Simulation results and experimental data on individual clone competition. (A,B) Simulated primary host engraftments of 2 clones with slightly differing parameters: (A) d = 1.0655, f_α(Ñ) = 0.0075; (B) d = 1.0665, f_α(Ñ) = 0.008. (C,E) 2 representative examples of secondary engraftments of the clone shown in panel A (ie, in silico transplantation of 50 ×p₁ primary HSCs together with 4 residual secondary host HSCs). p is denoting the proportion of primary engraftment level, which is p₁ = 0.85 in this particular example. (D,F) See panels C and E, but for the clone shown in panel B, p₂ = 0.75. (G-K) A total of 4 representative examples of in silico cotransplantation of 50 × p₁ cells of the clone shown in panel A plus 50 × p₂ cells of the clone shown in panel B together with 4 residual secondary host cells.

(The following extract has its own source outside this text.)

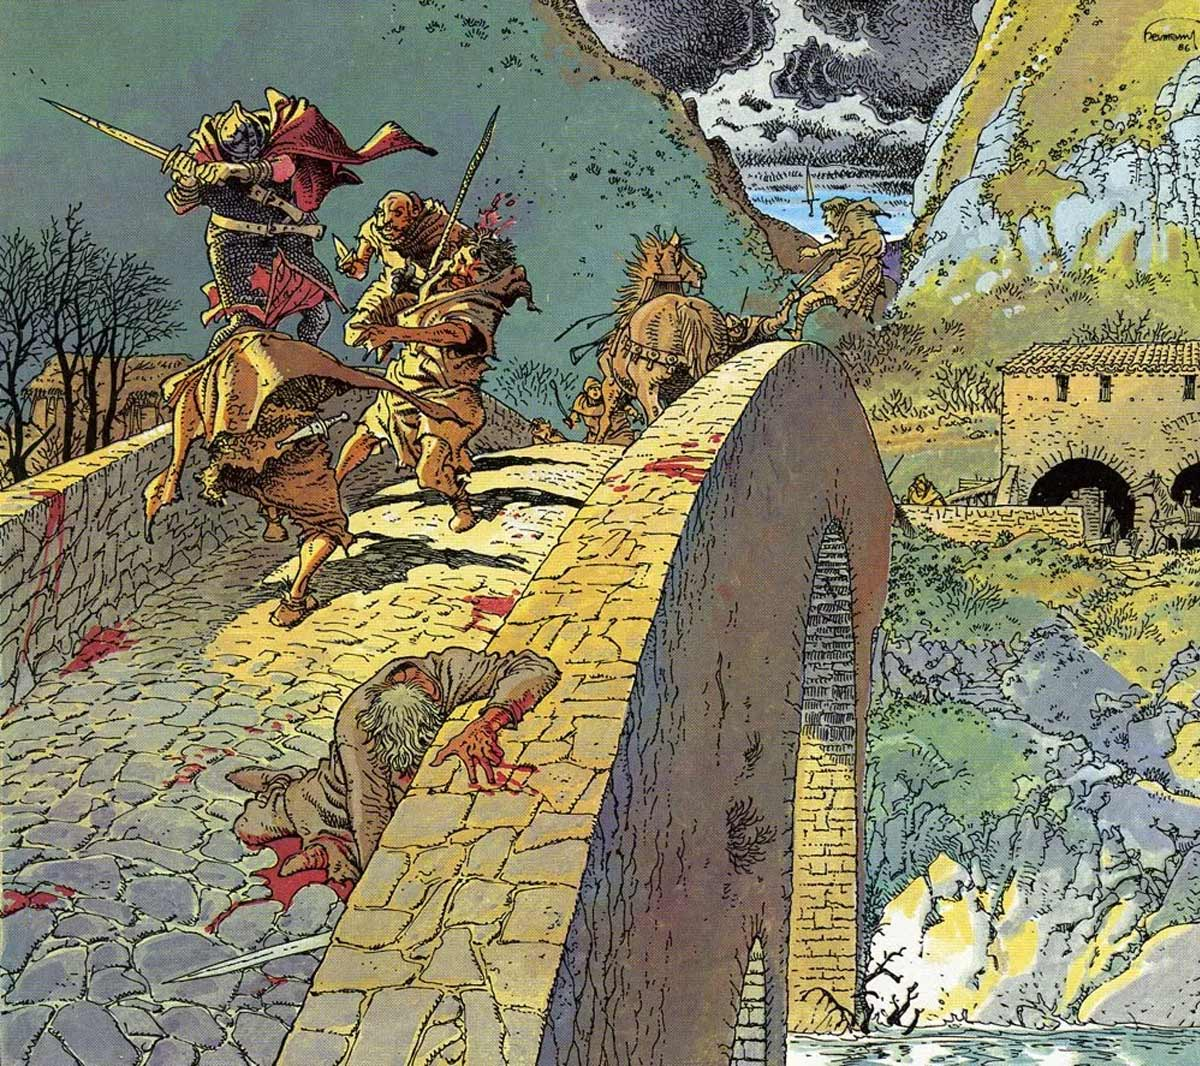 Golem-Comics-resena-las-torres-de-bois-mauri-maury-hermann-06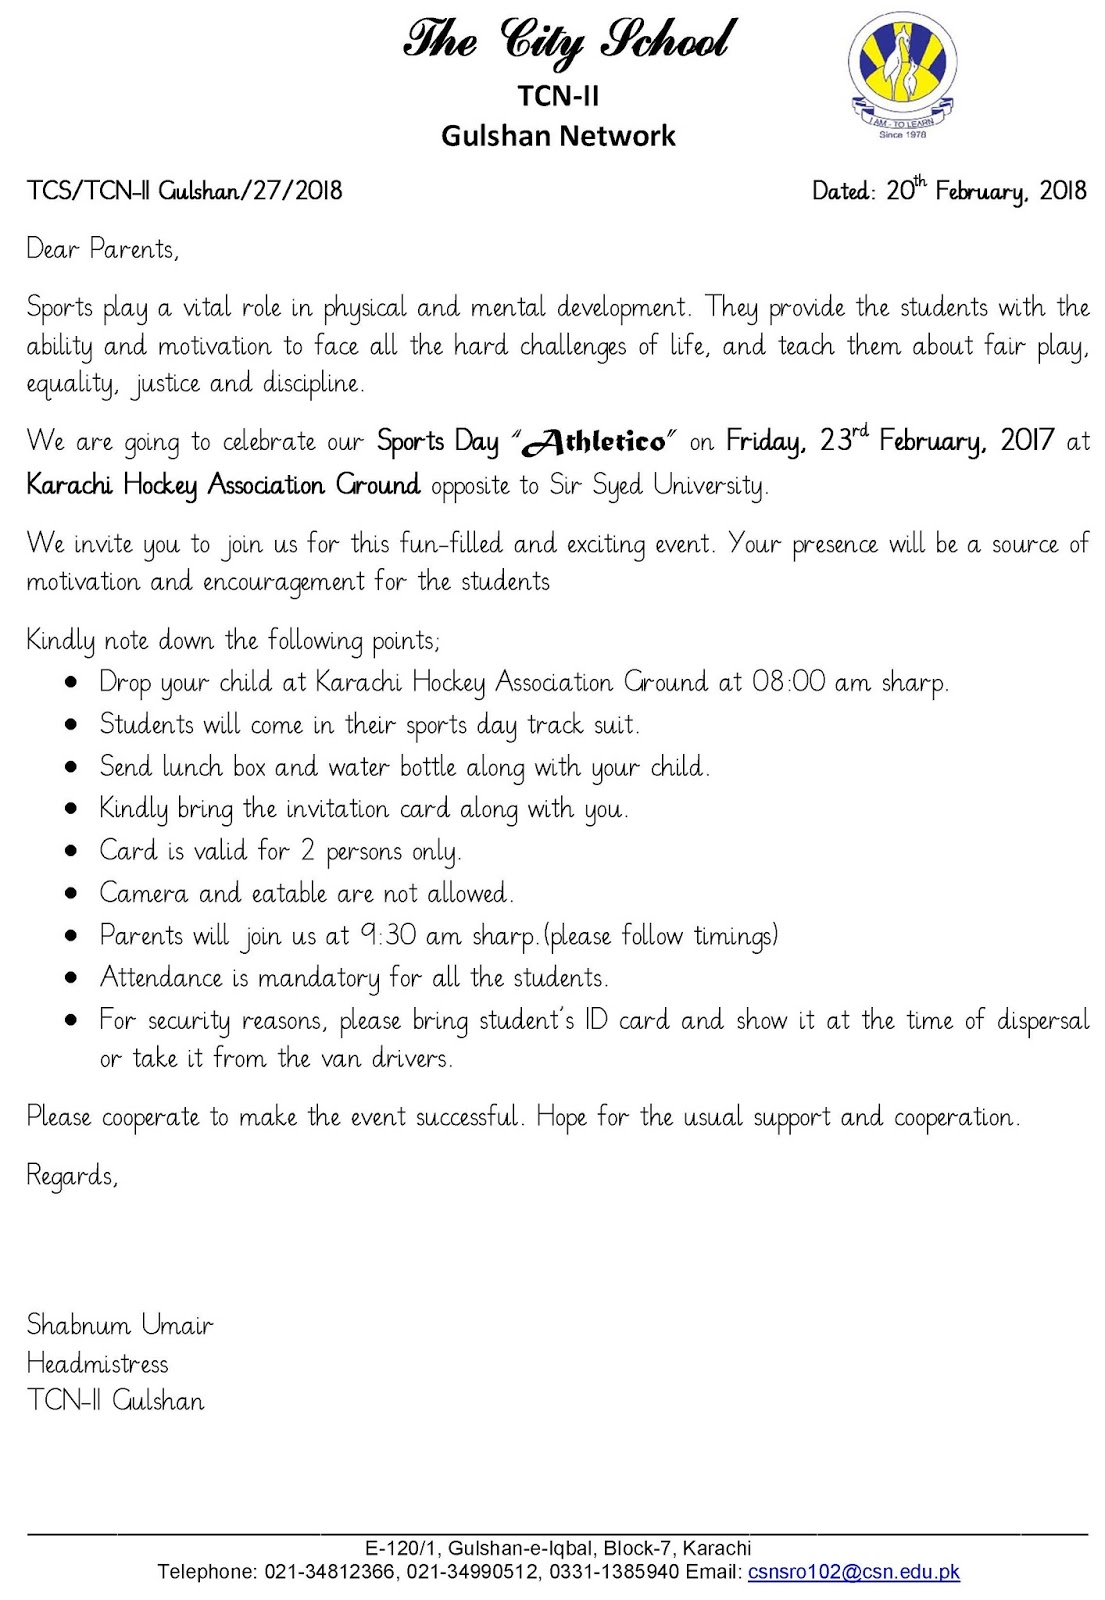 Sr gulshan the city nursery ii sports day invitation card and circular sports day invitation card and circular stopboris Gallery

Further simulation examples of these settings can be found in Figure S4. (L,M) Experimentally observed engraftment kinetics (twice-monthly measurements) of 2 clonally repopulated mice. (N-Q) Engraftment kinetics for the transplantation of 5 × 10⁶ BM cells of either one or the other clone (shown in panels L and M, respectively) in 2 lethally irradiated secondary B6 hosts. (R-U) Engraftment kinetics for cotransplantation of 2 × (5 × 10⁶) BM cells from both primary hosts into 4 lethally irradiated secondary B6 hosts (Cho et al). Color (black/gray) always illustrates relationship to primary host.

Figure 6

Simulation results on clonal conversion during aging. Given is the clone distribution (characterized by clone specific d / f_α(Ñ) values) within a model system starting from the initial situation (A) at different time points: 6 months (B), 12 months (C), and 24 months (C). The system had been initiated with 1000 clonally distinguishable HSCs. Each dot in the graphs (A-D) represents one particular clone. The corresponding frequency tables show the distributions of engraftment patterns obtained from 10 000 simulations, each initiated by the transplantation of 1 randomly chosen cell from the given stem cell pool in competition with 4 host cells.